A retired couple who asked to be identified as Terry and Brenda said they were moderate Republicans who disliked Trump and had previously voted for Beutler. They said there was no way they would be voting for Kent.

“If we vote for Joe Kent we will just be voting for Trump,” says Terry. Brenda adds: “We’ll be voting for Perez.”

But it might be a dangerous temptation for Perez’s supporters to get too carried away.

Once you leave the centre of this small city and head east or north, it appears there are more yard signs for Joe Kent than there are for Marie Perez. In both 2018 and 2020, Democrats thought they had a good chance of beating Beutler when college professor Carolyn Long put up a good fight but was eventually beaten by a shuddering 56 to 40 in the last effort.

In the 2020 presidential election, Trump easily beat Biden in five of the seven counties that make up the Third District, with Democrats only showing much-concentrated strength in Clark County, centred on the city of Vancouver, the most purple dot in a sea of red.

And while the non-partisan Cook Political Report recently moved the third from “solid Republican” to “leans Republican” after Kent became the party’s candidate, the analysis site FiveThirtyEight currently suggests Kent has a 96 per cent chance of winning, compared to four per cent for Perez. It predicts Republicans will clean up by a margin of 56-43.

There is also the issue of money.

While the campaign’s most recent financial reports are yet to be collated, in the previous report Kent collected a total of $2.25m compared to her $240,000.

Kent has attacked Perez as being typical of “big spend Democrats” and has suggested he would not wish to add to inflation by supporting more infrastructure bills.
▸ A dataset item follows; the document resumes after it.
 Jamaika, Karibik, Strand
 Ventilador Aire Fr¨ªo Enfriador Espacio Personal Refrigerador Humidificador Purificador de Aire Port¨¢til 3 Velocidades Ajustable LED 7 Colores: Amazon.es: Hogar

He has also alleged that Perez’s repair shop posted a sign during the protests for racial justice, offering free repairs for leaf blowers.

(Leaf blowers were reportedly used by protesters – termed antifa by Kent – to dissipate teargas. Perez says the post on Instagram was made by a former employee, that she has no records of repairing leaf blowers, and that the attacks are a sign of Kent’s desperation.)

The pair have debated once already and are set to have a second event on Saturday.

Given Democrats have not won in this conservative district since 2008, what makes the Democrat so confident she is going to be different?

“I’m the only moderate running. I am a small business owner and work in the trades,” says Perez, whose campaign website shows her dressed in a mechanic’s overalls.

“Everybody’s really focused on the economy and what we can do to rebuild it, to shore up our supply, and to rebuild American manufacturing. This is not a hobby of mine or a political interest of mine. This is the life that I live in.”